As the culture of attorney self-service expands, the question is circulating again about what the future of law librarians will look like – if we have a future.

Of course, smart information delivery systems must be built by experts, and customized to the needs of specific firms by professionals who understand their legal practice areas and unique firm cultures and deployed to end-users whose interest and comfort with change vary widely. Law librarians are uniquely suited to roles in developing and deploying new resources through their combination of legal knowledge, technology skills, and emotional intelligence.

Even after the new tools have been deployed and attorneys trained in how to use them, librarians continue to play a role in delivering service through these platforms, including performing on-demand research and providing alerts, platform customizations and other services to support end-users. For example, although push technologies for current awareness are typically customizable by individual end users, and some attorneys like to be hands-on with these tasks, more often the creation and curation of alerts falls to library professionals who can do so efficiently and accurately, saving attorney time for other work – such as, well, practicing law.

While librarians are invaluable to developing and supporting self-service technologies, that is not the only role in which they are proving their value.

During the recent SLA Webinar on Evolving Libraries, Kris Martin, one of my co-workers at HBR, discussed an evolution of library services that we have been tracking along two distinct paths, toward either a User-leveraged service model, such as the primarily self-service environment described above, or an Expert-leveraged model.

While the User-leveraged model is characterized by increased investment in new technologies and librarian support for user-enabling applications, with a subsequent decrease in direct research, the role of librarians as researchers continues strong in firms where an Expert-leveraged service model has evolved. In these firms, the research skills of librarians are increasingly utilized as library professionals are embedded within practice groups and other administrative departments, where their familiarity with a wide range of resources and subject-specific knowledge combine to create competitive advantage. In legal practice groups, embedded librarians enjoy inclusion on client teams where they contribute research efficiency and value to client matters. In administrative teams, librarians work closely with marketing and others to provide research and analysis in support of their firm’s strategic business objectives. In addition to providing traditional research expertise, embedded librarians are frequently called upon to provide more sophisticated information analysis.
Both user-leveraged and expert-leveraged service models change the role of the librarian, demanding greater expertise and a pro-active approach to meeting firm information needs.
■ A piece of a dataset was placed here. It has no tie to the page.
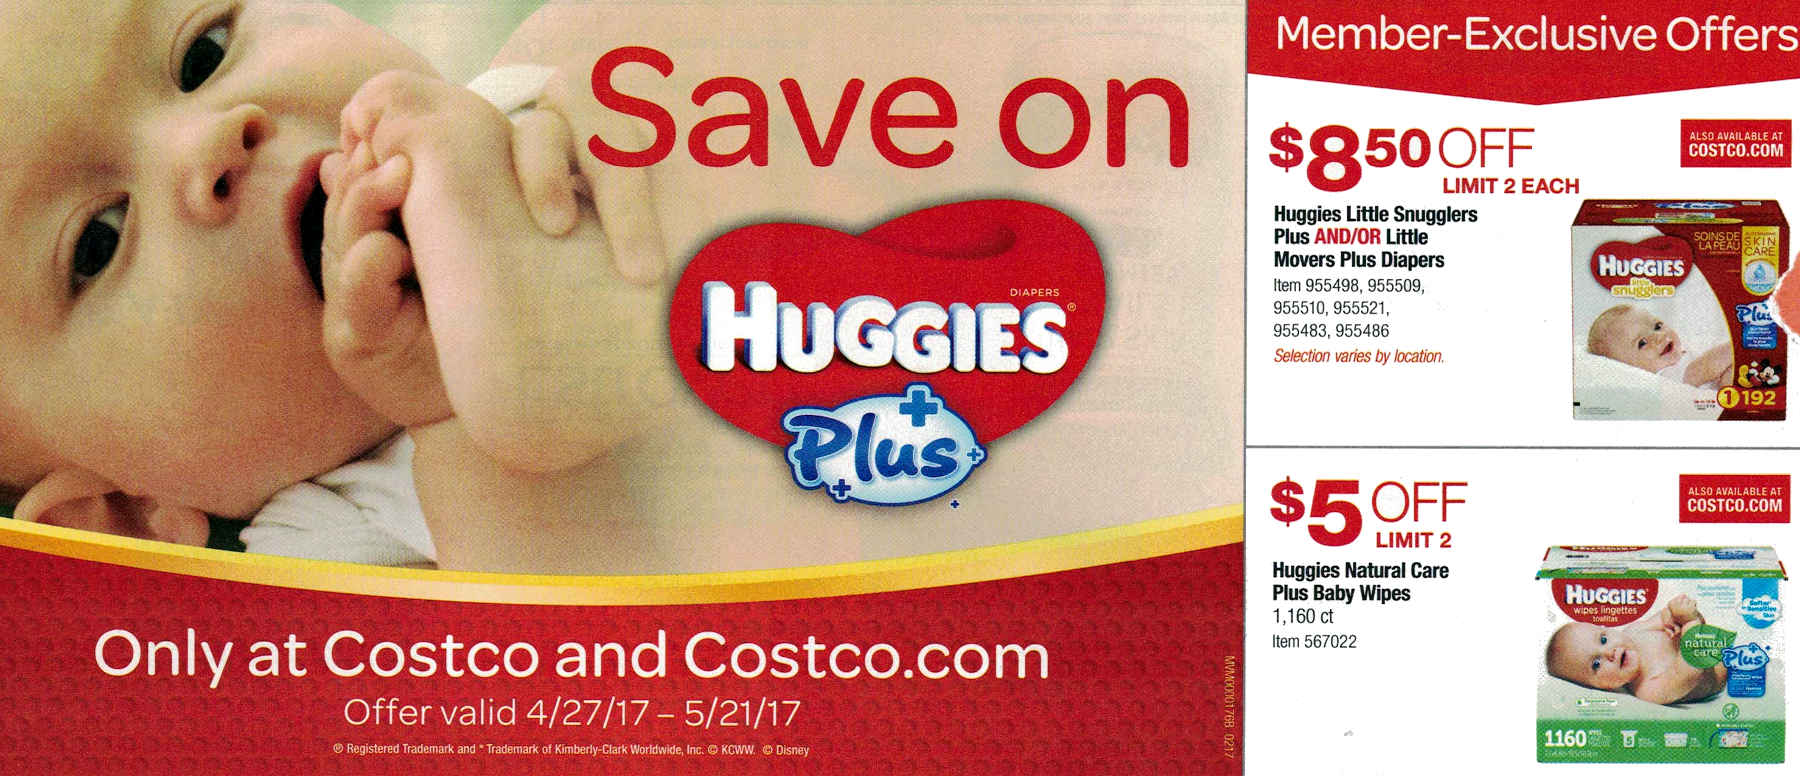 Coupon book full size page -> 2 <-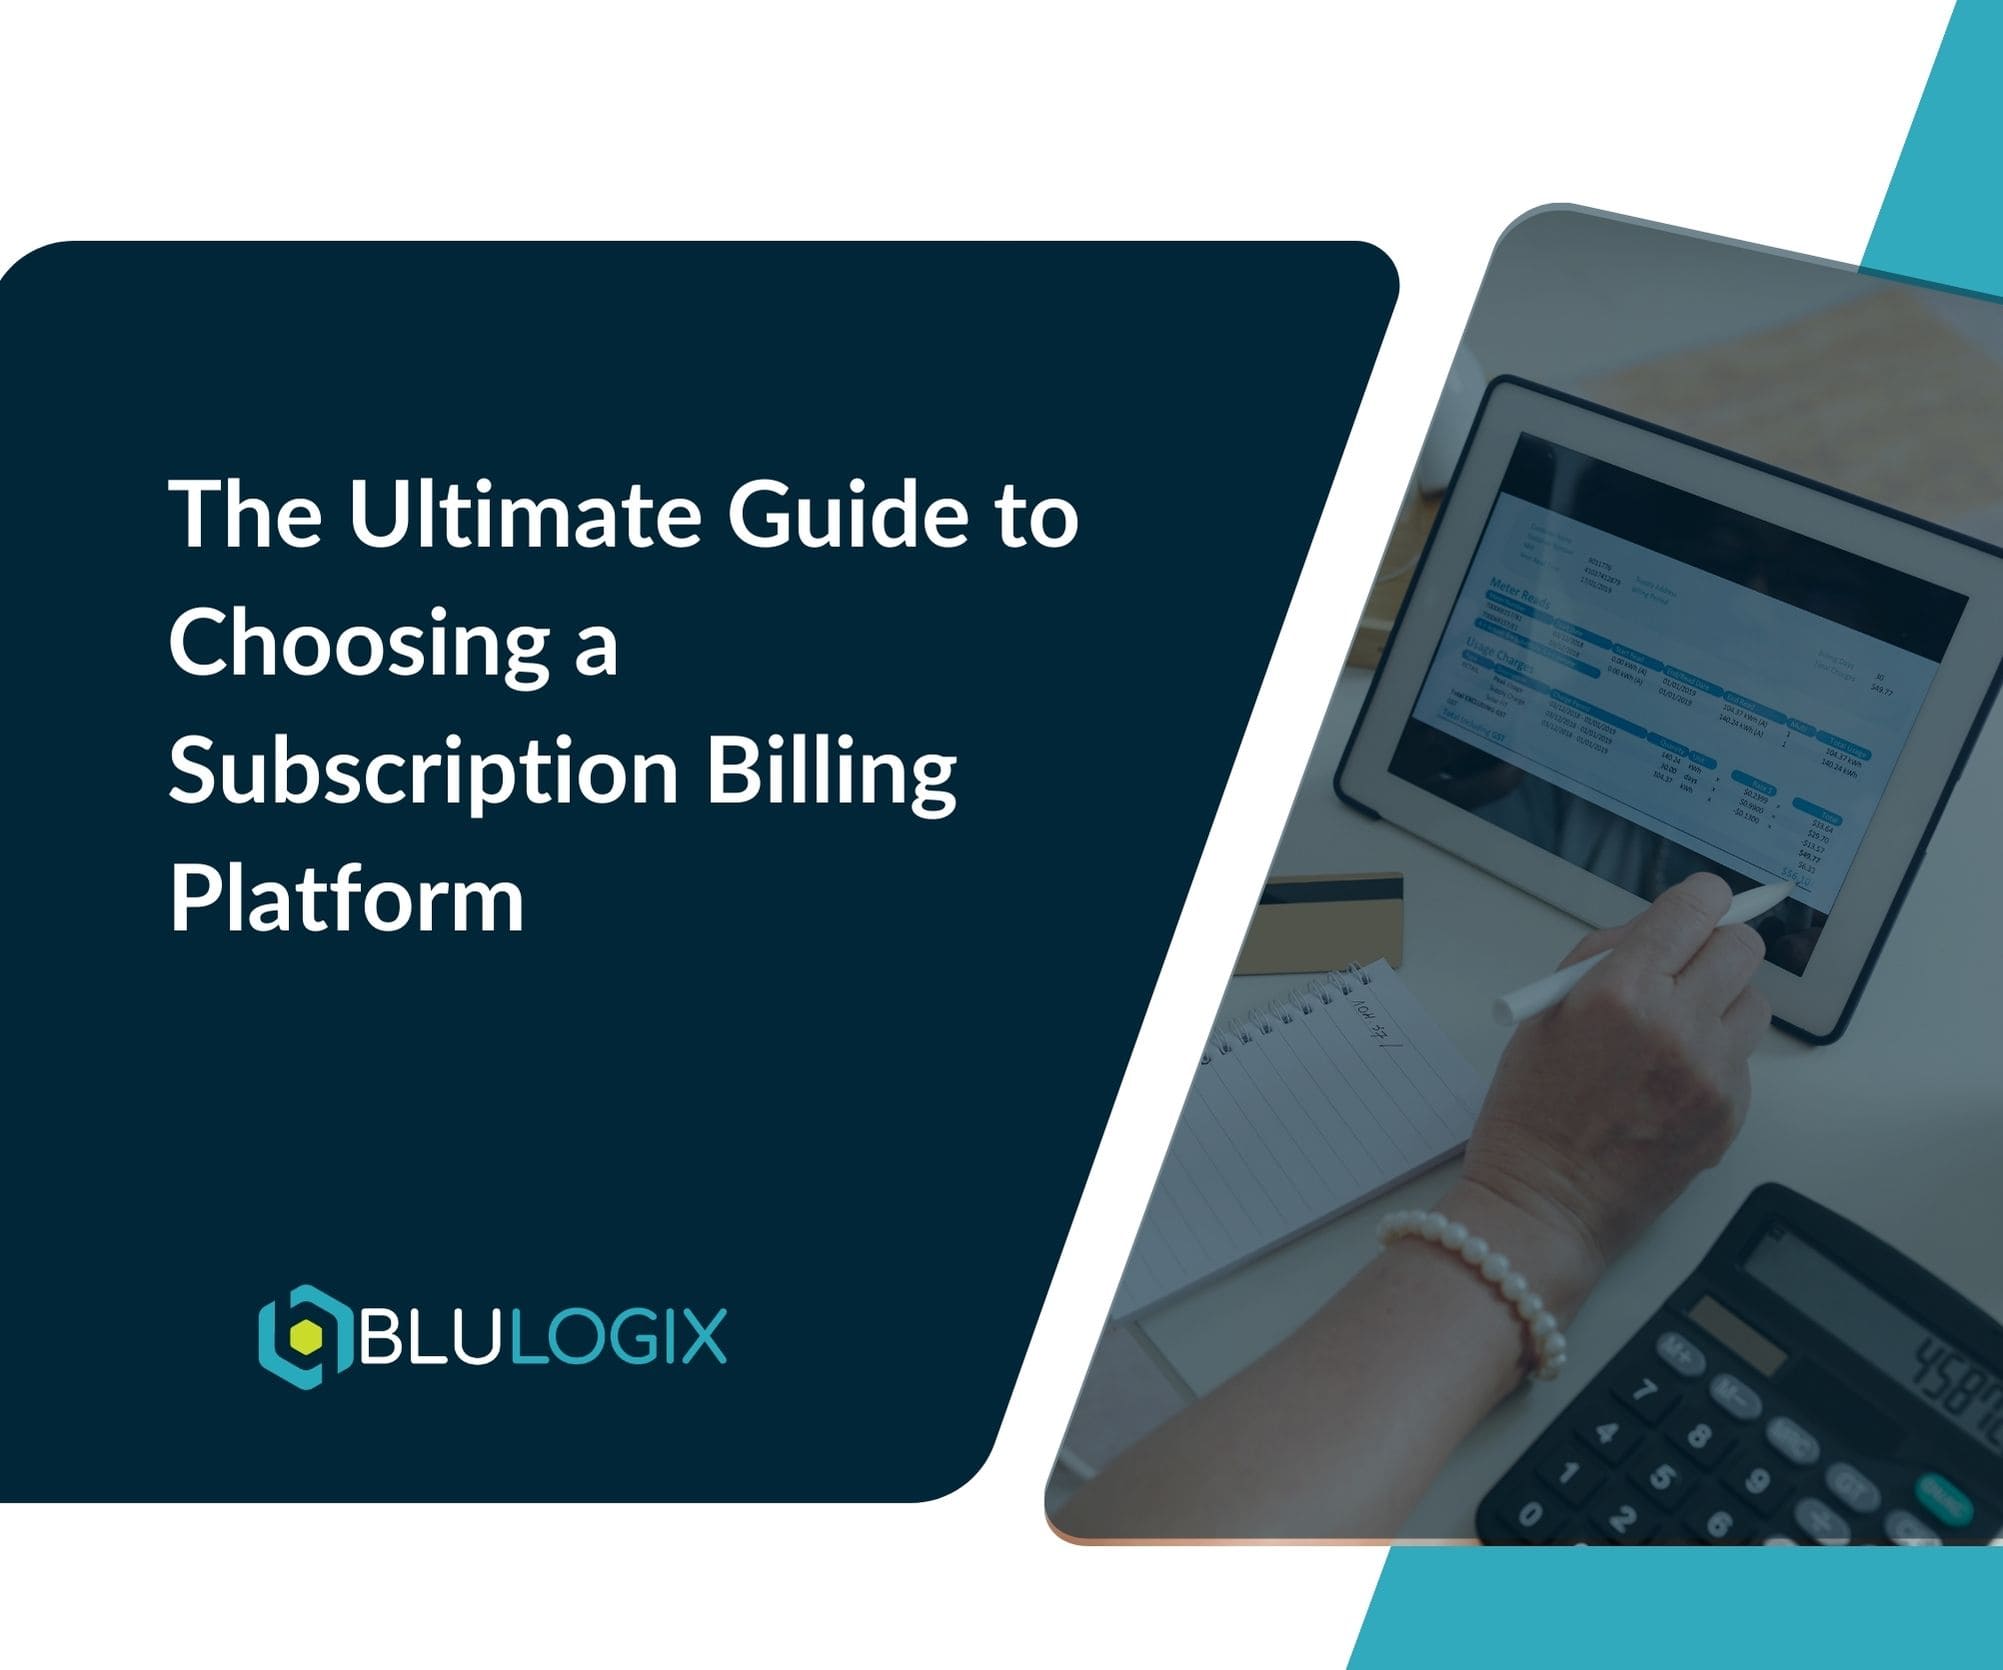 The Ultimate Guide to Choosing a Subscription Billing Platform

And there is one more high-value librarian role overarching both models, that of the Generalist/Knower of Many Things. While generalist researcher positions are declining as firms move toward user-leveraged or expert-leveraged service models, the individual with knowledge and experience across a variety of legal subjects, technology, and research functions continues to play an essential role in developing library and information services which support law practice efficiency and innovation. The true generalist who is involved in many areas of research work and engaged in conversations throughout the firm is uniquely positioned to identify opportunities. If innovation is about connecting dots, who is better positioned to deliver value than the individual whose vantage point includes multiple dots?

Firm leaders who empower their librarians to contribute value through support of user-leveraged or expert-leveraged service models and through direct involvement in the creation of systems to support practice and efficiency efforts, will find the “library” to be a valuable asset for many years to come.